Гришка с подозрением глянул на старосту, – не издевается ли; но тот был серьёзен:
– Нужно делать следующий шаг! Нужно встать во главе района, нужно обрести всю полноту власти! Вот ты, Гриша… тебе не надоело разве все эти «поручения» Громосеева выполнять? Все эти его придирки?..
– Ну… он реально за. бал вааще-то… – сдаваясь, согласился Гришка.
– Вот! Тебя твои люди слушаются? – слушаются! Силу в себе знаешь? – знаешь! Значит…
Он выжидательно уставился на Григория, который сидел, понурив голову.
– Ну, и как?.. Чисто технически? – наконец выдавил тот из себя.
– Щитом прикрыться, да пронзить мечом. Я есть твой щит, с ним грозы нипочем. Их натиск сдержит нрав моих креплений, И меч мой…
– Бл. дь, перестань!.. – вызверился вдруг Гришка и даже привстал, – Чо ты, бл. дь, как псих?? Каким мечом, какого хера «пронзить», чо ты несёшь? Ты чо, в театре??

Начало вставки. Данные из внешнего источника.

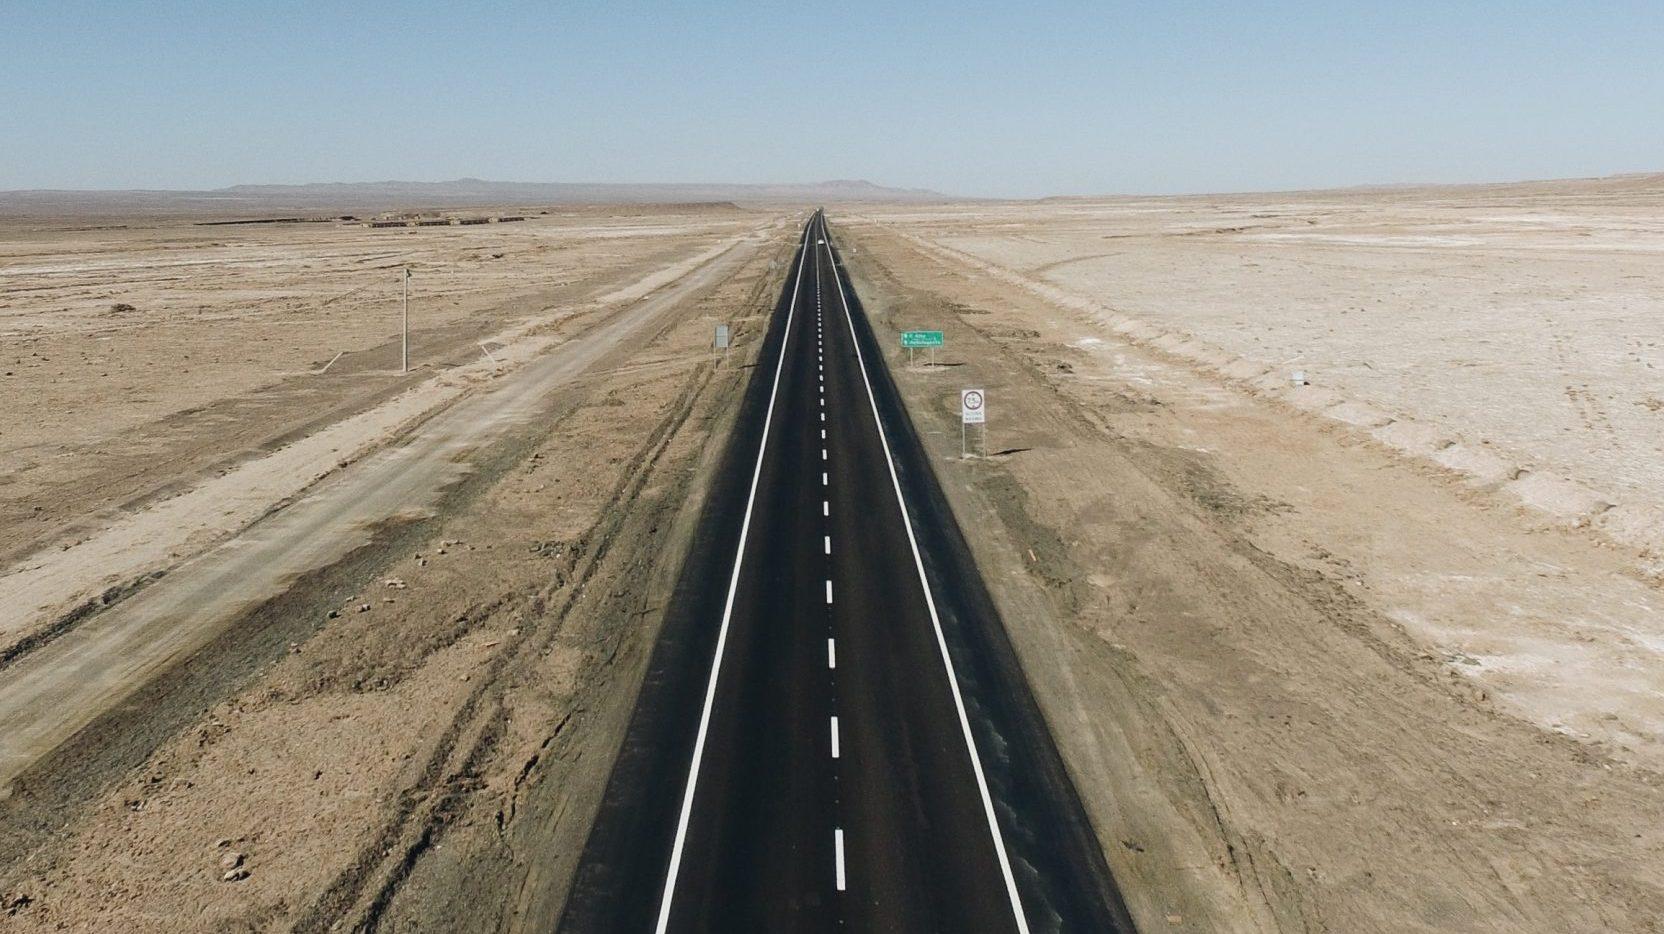 De langste rechte weg ter wereld

Казалось, он сейчас ударит Андреича. Витька весь сжался, радуясь, что про него как бы забыли. Взглянул на старосту – и обомлел: тот победно улыбался.
Улыбался, и, совсем не обижаясь, уже не торжественным тоном, а вновь убеждающе, мягко, обратился к Гришке:
– «Пронзить» – это, Гриша, иносказание… Главное-то не это… Главное – это что, я вижу, ты осознал!.. И гнев твой от этого – что сила твоя новая рождается в тебе!.. А рождение – оно всегда через боль, любое!.. Ты ведь уже решил для себя? Решил?? Я знаю, что решил!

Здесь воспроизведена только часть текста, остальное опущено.